Sports

Lakers trading Russell Westbrook in giant three-team deal

The Los Angeles Lakers have reached a deal to trade guard Russell Westbrook to the Utah Jazz and acquire guard D’Angelo Russell from Minnesota in a three-team deal that also includes Utah sending guard Mike Conley to the Timberwolves, a person familiar with the deal told USA TODAY Sports.

The person requested anonymity because they were not authorized to speak publicly until the deal is official. 

The Lakers will also get Malik Beasley and Jarred Vanderbilt from Utah. Minnesota also will receive Nickeil Alexander-Walker and picks, and the Jazz will get Juan Toscano-Anderson and a first-round draft pick from the Lakers. 

Westbrook may seek a buyout from the Jazz so he can join a potential contender.

The Westbrook experiment never quite yielded the results the Lakers sought when they acquired him from Washington in the summer of 2021. He wasn’t a fit alongside LeBron James and Anthony Davis with the Lakers missing the playoffs last season, resulting in coach Frank Vogel’s dismissal, and the Lakers are just 25-30 and in 13th place in the Western Conference this season.

Follow every game: Latest NBA Scores and Schedules

Even under .500, the Lakers are two games behind the Jazz for a play-in spot and four games behind sixth-place Dallas, which just acquired Kyrie Irving from the Nets.

First-year Lakers coach Darvin Ham moved Westbrook to the bench and that staggered the minutes James, Davis and Westbrook were on the court together and freed up Westbrook to play his style. It worked to some degree but not enough to lift the Lakers into solid playoff position.

Los Angeles explored trades for Westbrook before and during this season but were unable to move him until this deal. Westbrook, who is in the final year of a five-year, $206.7 million contract that pays him $47 million this season, averages 15.9 points, 7.5 assists and 6.2 rebounds and is shooting 41.7% from the field and 29.6% on 3-pointers.

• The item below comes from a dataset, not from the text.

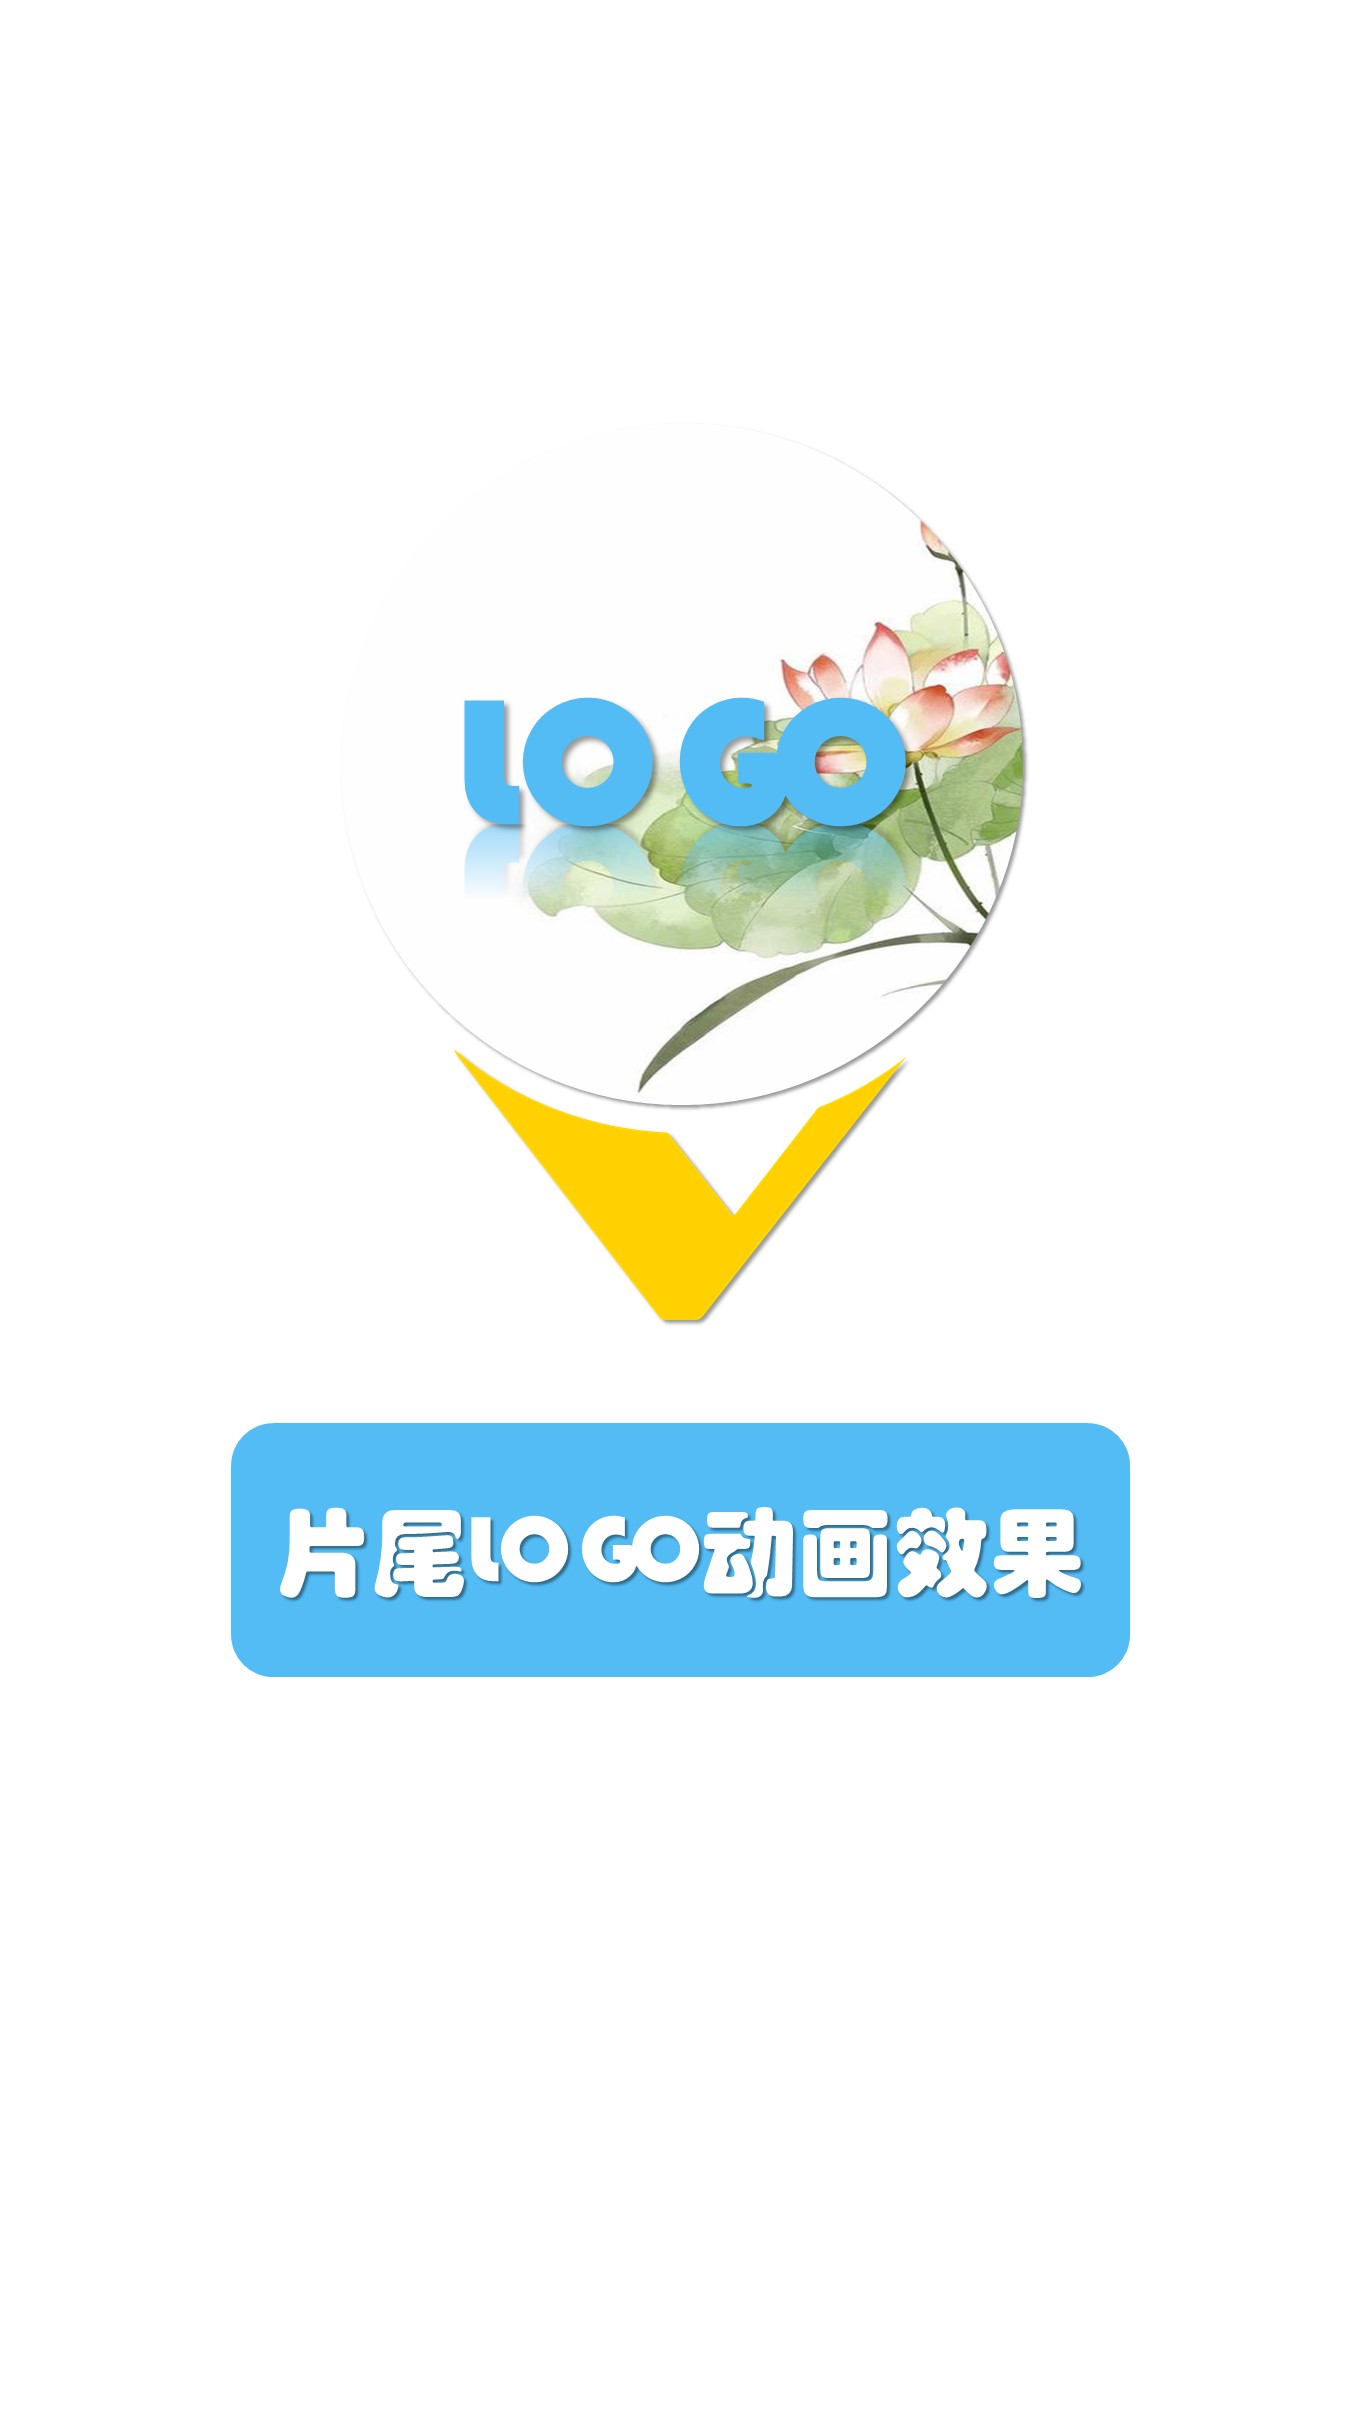 0-3清新蓝片头片尾封面LOGO动画竖版 (9).JPG

Russell returns to the Lakers, the team that drafted him with the No. 2 pick in 2015. The Lakers traded him to Brooklyn after just two seasons, and the Nets dealt him to Golden State as part of the deal that allowed the Nets to sign Kevin Durant. Russell was on the move again in 2020 when Golden State traded him to Minnesota in the deal that sent Andrew Wiggins to the Warriors.

Russell is in the final year of a four-year, $117.3 million contract so the Lakers can retain salary cap space for free agency after this season. An All-Star in 2019, Russell averages 17.9 points and 6.2 assists and shoots 46.5% from the field and 39.1% on 3-pointers this season. He is talentet, but he has been shuttled from one team to another in an eight-year career.

The Lakers are desperate for help. James just passed Kareem Abdul-Jabbar as the NBA’s all-time leading scorer.

Conley has one season left on his contract, but just $14.3 million of the $24.3 million is guaranteed for the 2023-24 season. The Jazz continue to rebuild the roster with team CEO Danny Ainge running basketball operations alongside general manager Justin Zanik. Since July, the Jazz have accumulated 12 first-round picks in trades.